# Try it:
Give back all of the data exactly. Leave nothing out.

# Records provided:

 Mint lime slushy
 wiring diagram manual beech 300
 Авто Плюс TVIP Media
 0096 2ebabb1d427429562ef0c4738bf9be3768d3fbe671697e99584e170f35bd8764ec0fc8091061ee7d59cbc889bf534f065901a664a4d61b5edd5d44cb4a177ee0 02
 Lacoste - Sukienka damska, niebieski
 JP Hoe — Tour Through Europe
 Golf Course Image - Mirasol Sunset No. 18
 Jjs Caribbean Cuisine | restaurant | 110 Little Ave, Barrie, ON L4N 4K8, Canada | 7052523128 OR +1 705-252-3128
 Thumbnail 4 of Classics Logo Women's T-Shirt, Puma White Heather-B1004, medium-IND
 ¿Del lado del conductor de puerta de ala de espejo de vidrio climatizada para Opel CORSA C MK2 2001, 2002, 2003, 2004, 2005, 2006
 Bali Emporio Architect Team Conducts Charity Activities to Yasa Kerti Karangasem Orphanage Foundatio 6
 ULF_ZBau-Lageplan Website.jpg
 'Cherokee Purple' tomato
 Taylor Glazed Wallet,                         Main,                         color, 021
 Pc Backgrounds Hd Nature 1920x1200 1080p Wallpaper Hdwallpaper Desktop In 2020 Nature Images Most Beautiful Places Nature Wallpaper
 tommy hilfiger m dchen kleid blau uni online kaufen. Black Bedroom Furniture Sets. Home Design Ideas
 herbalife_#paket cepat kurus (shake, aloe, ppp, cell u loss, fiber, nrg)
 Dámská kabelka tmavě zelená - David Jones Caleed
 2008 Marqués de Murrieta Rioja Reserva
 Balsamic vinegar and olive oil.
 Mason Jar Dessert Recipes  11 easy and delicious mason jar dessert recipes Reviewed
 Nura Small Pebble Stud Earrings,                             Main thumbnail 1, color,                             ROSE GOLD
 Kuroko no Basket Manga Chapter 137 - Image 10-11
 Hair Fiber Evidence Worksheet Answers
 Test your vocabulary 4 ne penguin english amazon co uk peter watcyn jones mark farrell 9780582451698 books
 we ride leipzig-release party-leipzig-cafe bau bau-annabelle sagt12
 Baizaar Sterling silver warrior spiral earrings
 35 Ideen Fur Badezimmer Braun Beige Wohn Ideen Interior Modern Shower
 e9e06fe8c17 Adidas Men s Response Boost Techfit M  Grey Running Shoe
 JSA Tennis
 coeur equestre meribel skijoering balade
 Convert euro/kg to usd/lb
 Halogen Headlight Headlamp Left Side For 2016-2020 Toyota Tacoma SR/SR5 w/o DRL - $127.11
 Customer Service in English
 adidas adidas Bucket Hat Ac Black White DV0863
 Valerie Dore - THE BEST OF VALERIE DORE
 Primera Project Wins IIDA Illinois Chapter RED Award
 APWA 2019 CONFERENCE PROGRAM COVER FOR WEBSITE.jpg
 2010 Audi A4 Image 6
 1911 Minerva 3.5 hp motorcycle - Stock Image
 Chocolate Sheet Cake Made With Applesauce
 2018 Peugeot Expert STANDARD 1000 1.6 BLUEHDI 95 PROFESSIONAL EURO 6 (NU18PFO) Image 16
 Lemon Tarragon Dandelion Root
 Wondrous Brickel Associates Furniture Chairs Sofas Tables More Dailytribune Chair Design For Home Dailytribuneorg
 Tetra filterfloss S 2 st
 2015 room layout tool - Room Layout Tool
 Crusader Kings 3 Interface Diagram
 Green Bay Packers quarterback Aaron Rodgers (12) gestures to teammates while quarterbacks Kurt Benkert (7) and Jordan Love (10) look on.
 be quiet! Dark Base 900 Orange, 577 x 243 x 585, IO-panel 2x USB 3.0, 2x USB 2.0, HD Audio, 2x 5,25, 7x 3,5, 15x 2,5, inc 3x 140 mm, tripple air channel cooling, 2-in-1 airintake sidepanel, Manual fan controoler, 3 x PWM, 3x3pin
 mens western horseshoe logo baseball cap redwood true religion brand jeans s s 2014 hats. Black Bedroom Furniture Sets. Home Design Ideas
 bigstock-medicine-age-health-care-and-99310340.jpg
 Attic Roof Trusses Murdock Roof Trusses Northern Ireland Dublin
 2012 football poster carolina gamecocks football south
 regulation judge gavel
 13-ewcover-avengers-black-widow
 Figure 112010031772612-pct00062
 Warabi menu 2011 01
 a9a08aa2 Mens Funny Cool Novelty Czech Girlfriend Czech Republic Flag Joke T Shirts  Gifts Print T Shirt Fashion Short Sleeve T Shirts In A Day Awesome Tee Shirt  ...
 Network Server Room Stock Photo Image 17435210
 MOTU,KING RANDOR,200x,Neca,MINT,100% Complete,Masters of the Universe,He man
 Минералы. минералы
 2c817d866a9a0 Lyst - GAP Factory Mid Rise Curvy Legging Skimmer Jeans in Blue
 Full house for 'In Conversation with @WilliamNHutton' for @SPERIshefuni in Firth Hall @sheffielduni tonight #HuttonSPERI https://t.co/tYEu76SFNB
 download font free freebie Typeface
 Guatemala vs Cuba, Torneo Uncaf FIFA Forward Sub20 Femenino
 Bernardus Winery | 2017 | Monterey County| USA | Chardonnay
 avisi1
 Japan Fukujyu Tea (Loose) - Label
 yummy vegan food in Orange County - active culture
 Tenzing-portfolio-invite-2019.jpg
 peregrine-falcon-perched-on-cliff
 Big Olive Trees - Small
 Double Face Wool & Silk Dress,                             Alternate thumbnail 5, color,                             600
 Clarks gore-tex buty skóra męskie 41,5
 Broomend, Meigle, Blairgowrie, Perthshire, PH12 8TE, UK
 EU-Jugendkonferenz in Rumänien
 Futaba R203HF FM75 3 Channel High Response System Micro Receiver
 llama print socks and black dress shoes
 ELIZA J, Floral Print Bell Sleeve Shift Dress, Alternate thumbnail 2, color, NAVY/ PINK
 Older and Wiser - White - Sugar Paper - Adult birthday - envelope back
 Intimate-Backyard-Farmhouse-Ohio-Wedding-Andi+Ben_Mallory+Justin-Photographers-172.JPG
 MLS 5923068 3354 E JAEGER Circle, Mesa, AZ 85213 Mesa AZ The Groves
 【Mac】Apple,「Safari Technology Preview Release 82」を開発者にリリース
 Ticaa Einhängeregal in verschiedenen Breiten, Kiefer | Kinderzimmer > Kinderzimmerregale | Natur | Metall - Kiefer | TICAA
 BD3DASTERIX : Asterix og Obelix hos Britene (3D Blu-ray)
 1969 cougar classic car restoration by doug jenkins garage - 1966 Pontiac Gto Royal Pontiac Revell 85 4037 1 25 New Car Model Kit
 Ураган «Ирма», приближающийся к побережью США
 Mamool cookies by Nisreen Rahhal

# Response area:
 Mint lime slushy
 wiring diagram manual beech 300
 Авто Плюс TVIP Media
 0096 2ebabb1d427429562ef0c4738bf9be3768d3fbe671697e99584e170f35bd8764ec0fc8091061ee7d59cbc889bf534f065901a664a4d61b5edd5d44cb4a177ee0 02
 Lacoste - Sukienka damska, niebieski
 JP Hoe — Tour Through Europe
 Golf Course Image - Mirasol Sunset No. 18
 Jjs Caribbean Cuisine | restaurant | 110 Little Ave, Barrie, ON L4N 4K8, Canada | 7052523128 OR +1 705-252-3128
 Thumbnail 4 of Classics Logo Women's T-Shirt, Puma White Heather-B1004, medium-IND
 ¿Del lado del conductor de puerta de ala de espejo de vidrio climatizada para Opel CORSA C MK2 2001, 2002, 2003, 2004, 2005, 2006
 Bali Emporio Architect Team Conducts Charity Activities to Yasa Kerti Karangasem Orphanage Foundatio 6
 ULF_ZBau-Lageplan Website.jpg
 'Cherokee Purple' tomato
 Taylor Glazed Wallet,                         Main,                         color, 021
 Pc Backgrounds Hd Nature 1920x1200 1080p Wallpaper Hdwallpaper Desktop In 2020 Nature Images Most Beautiful Places Nature Wallpaper
 tommy hilfiger m dchen kleid blau uni online kaufen. Black Bedroom Furniture Sets. Home Design Ideas
 herbalife_#paket cepat kurus (shake, aloe, ppp, cell u loss, fiber, nrg)
 Dámská kabelka tmavě zelená - David Jones Caleed
 2008 Marqués de Murrieta Rioja Reserva
 Balsamic vinegar and olive oil.
 Mason Jar Dessert Recipes  11 easy and delicious mason jar dessert recipes Reviewed
 Nura Small Pebble Stud Earrings,                             Main thumbnail 1, color,                             ROSE GOLD
 Kuroko no Basket Manga Chapter 137 - Image 10-11
 Hair Fiber Evidence Worksheet Answers
 Test your vocabulary 4 ne penguin english amazon co uk peter watcyn jones mark farrell 9780582451698 books
 we ride leipzig-release party-leipzig-cafe bau bau-annabelle sagt12
 Baizaar Sterling silver warrior spiral earrings
 35 Ideen Fur Badezimmer Braun Beige Wohn Ideen Interior Modern Shower
 e9e06fe8c17 Adidas Men s Response Boost Techfit M  Grey Running Shoe
 JSA Tennis
 coeur equestre meribel skijoering balade
 Convert euro/kg to usd/lb
 Halogen Headlight Headlamp Left Side For 2016-2020 Toyota Tacoma SR/SR5 w/o DRL - $127.11
 Customer Service in English
 adidas adidas Bucket Hat Ac Black White DV0863
 Valerie Dore - THE BEST OF VALERIE DORE
 Primera Project Wins IIDA Illinois Chapter RED Award
 APWA 2019 CONFERENCE PROGRAM COVER FOR WEBSITE.jpg
 2010 Audi A4 Image 6
 1911 Minerva 3.5 hp motorcycle - Stock Image
 Chocolate Sheet Cake Made With Applesauce
 2018 Peugeot Expert STANDARD 1000 1.6 BLUEHDI 95 PROFESSIONAL EURO 6 (NU18PFO) Image 16
 Lemon Tarragon Dandelion Root
 Wondrous Brickel Associates Furniture Chairs Sofas Tables More Dailytribune Chair Design For Home Dailytribuneorg
 Tetra filterfloss S 2 st
 2015 room layout tool - Room Layout Tool
 Crusader Kings 3 Interface Diagram
 Green Bay Packers quarterback Aaron Rodgers (12) gestures to teammates while quarterbacks Kurt Benkert (7) and Jordan Love (10) look on.
 be quiet! Dark Base 900 Orange, 577 x 243 x 585, IO-panel 2x USB 3.0, 2x USB 2.0, HD Audio, 2x 5,25, 7x 3,5, 15x 2,5, inc 3x 140 mm, tripple air channel cooling, 2-in-1 airintake sidepanel, Manual fan controoler, 3 x PWM, 3x3pin
 mens western horseshoe logo baseball cap redwood true religion brand jeans s s 2014 hats. Black Bedroom Furniture Sets. Home Design Ideas
 bigstock-medicine-age-health-care-and-99310340.jpg
 Attic Roof Trusses Murdock Roof Trusses Northern Ireland Dublin
 2012 football poster carolina gamecocks football south
 regulation judge gavel
 13-ewcover-avengers-black-widow
 Figure 112010031772612-pct00062
 Warabi menu 2011 01
 a9a08aa2 Mens Funny Cool Novelty Czech Girlfriend Czech Republic Flag Joke T Shirts  Gifts Print T Shirt Fashion Short Sleeve T Shirts In A Day Awesome Tee Shirt  ...
 Network Server Room Stock Photo Image 17435210
 MOTU,KING RANDOR,200x,Neca,MINT,100% Complete,Masters of the Universe,He man
 Минералы. минералы
 2c817d866a9a0 Lyst - GAP Factory Mid Rise Curvy Legging Skimmer Jeans in Blue
 Full house for 'In Conversation with @WilliamNHutton' for @SPERIshefuni in Firth Hall @sheffielduni tonight #HuttonSPERI https://t.co/tYEu76SFNB
 download font free freebie Typeface
 Guatemala vs Cuba, Torneo Uncaf FIFA Forward Sub20 Femenino
 Bernardus Winery | 2017 | Monterey County| USA | Chardonnay
 avisi1
 Japan Fukujyu Tea (Loose) - Label
 yummy vegan food in Orange County - active culture
 Tenzing-portfolio-invite-2019.jpg
 peregrine-falcon-perched-on-cliff
 Big Olive Trees - Small
 Double Face Wool & Silk Dress,                             Alternate thumbnail 5, color,                             600
 Clarks gore-tex buty skóra męskie 41,5
 Broomend, Meigle, Blairgowrie, Perthshire, PH12 8TE, UK
 EU-Jugendkonferenz in Rumänien
 Futaba R203HF FM75 3 Channel High Response System Micro Receiver
 llama print socks and black dress shoes
 ELIZA J, Floral Print Bell Sleeve Shift Dress, Alternate thumbnail 2, color, NAVY/ PINK
 Older and Wiser - White - Sugar Paper - Adult birthday - envelope back
 Intimate-Backyard-Farmhouse-Ohio-Wedding-Andi+Ben_Mallory+Justin-Photographers-172.JPG
 MLS 5923068 3354 E JAEGER Circle, Mesa, AZ 85213 Mesa AZ The Groves
 【Mac】Apple,「Safari Technology Preview Release 82」を開発者にリリース
 Ticaa Einhängeregal in verschiedenen Breiten, Kiefer | Kinderzimmer > Kinderzimmerregale | Natur | Metall - Kiefer | TICAA
 BD3DASTERIX : Asterix og Obelix hos Britene (3D Blu-ray)
 1969 cougar classic car restoration by doug jenkins garage - 1966 Pontiac Gto Royal Pontiac Revell 85 4037 1 25 New Car Model Kit
 Ураган «Ирма», приближающийся к побережью США
 Mamool cookies by Nisreen Rahhal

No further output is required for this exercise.